Beyond that, the continued public interest in the Stateside Windsors would seem to suggest that the American people haven’t wholesale bought the Sussexes’ version of events. The fact that People slapped Kate on the cover, which they wouldn’t if she didn’t sell well, indicates that the Duchess still holds a relatively positive place in American hearts and minds.
None of this bodes particularly well for Harry and Meghan. In order for the Sussexes to continue enjoying big commercial deals, it’s essential that they can attract tens, if not hundreds of millions of viewers, like streaming Pied Pipers. But what remains to be seen is if they can pull it off?

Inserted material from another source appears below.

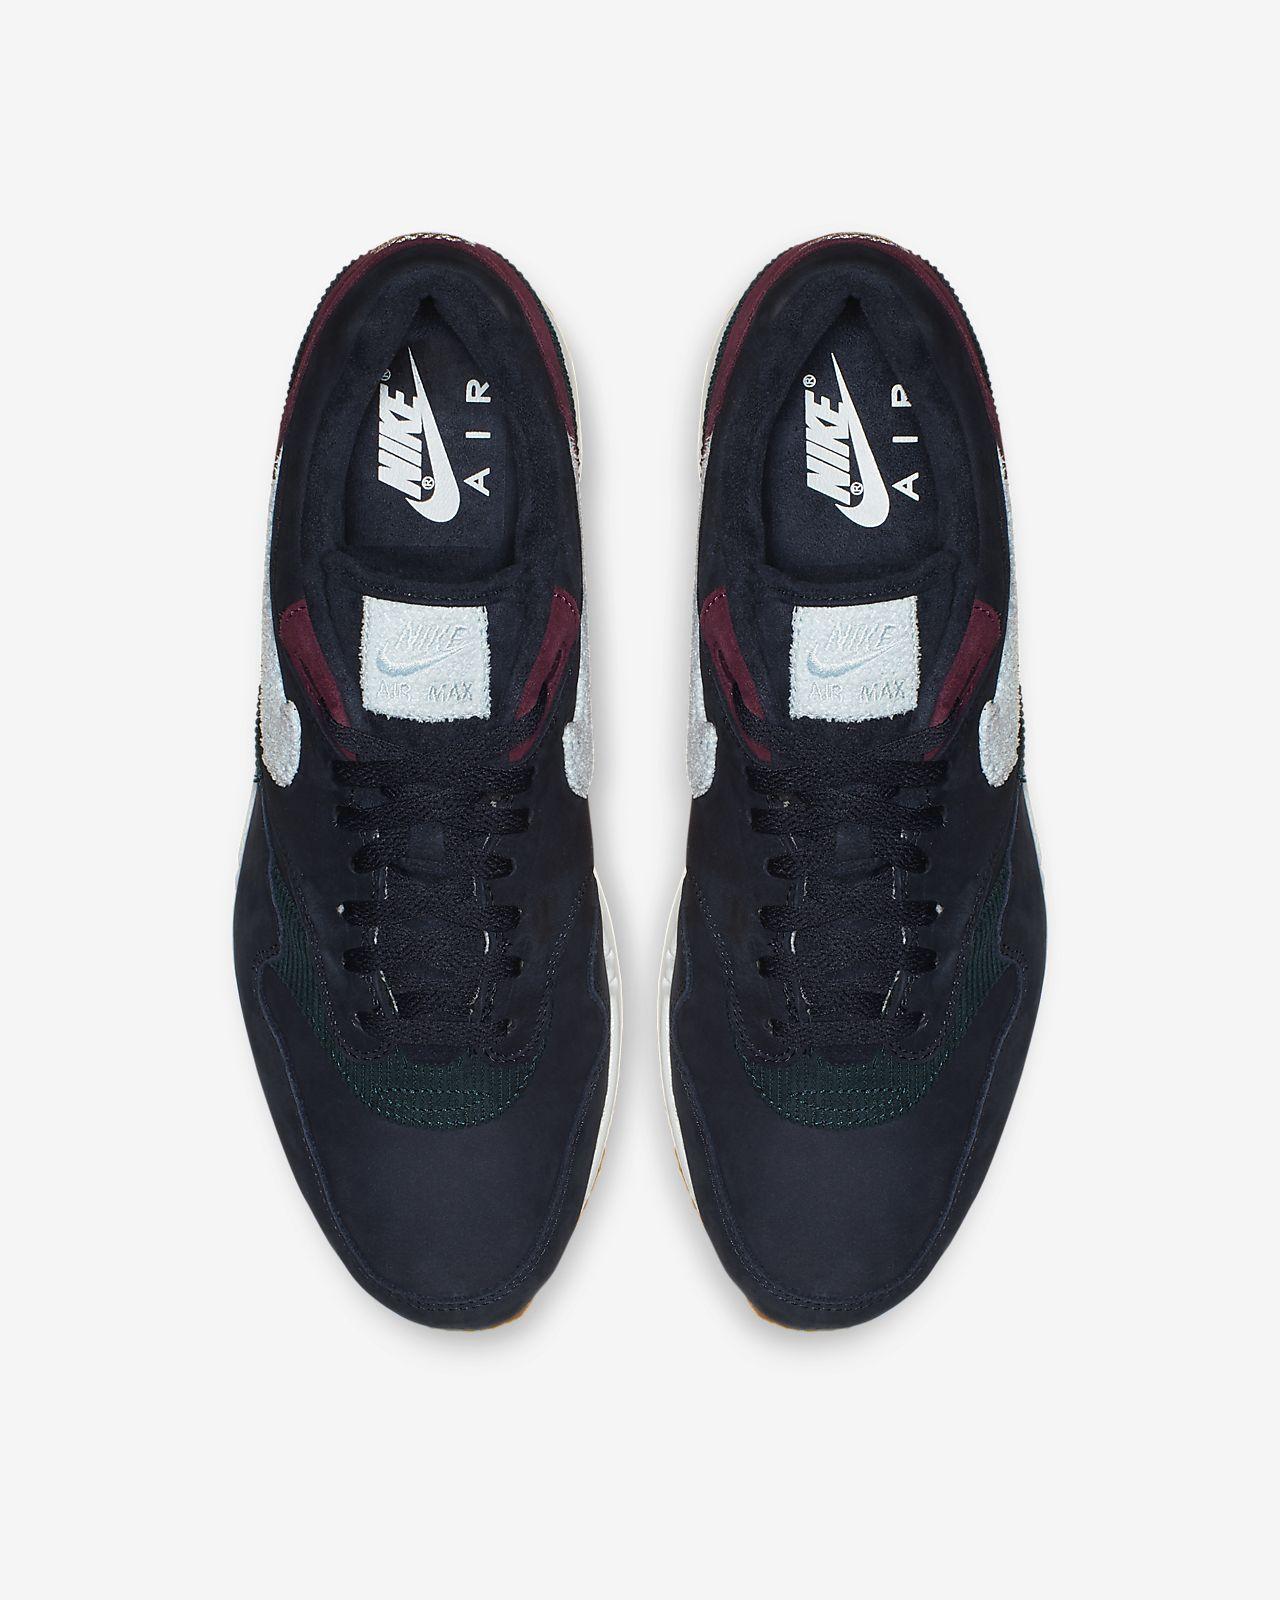 Nike Air Max 1 Crepe Sole (Dark Obsidian Cobalt)

The pressure on the couple’s Netflix and Spotify offerings, when the world can finally see and hear them, will be immense – but given their fragile public reputations, will their famous names translate to the huge streaming numbers that many would have? could you guess? (So far, they’ve announced they’re making a children’s cartoon and a Harry’s Invictus Games documentary, two projects that stand out only for their lack of creative verve.)
Frank Sinatra sings in New York, New York, “If I can do it there, I’ll do it anywhere.” But what if you can’t get there Frank? Then what ? There are a pair of American transplants who may be looking for a puzzle to be answered in the near future.
Daniela Elser is a royal pundit and writer with over 15 years of experience working with a number of top media titles in Australia.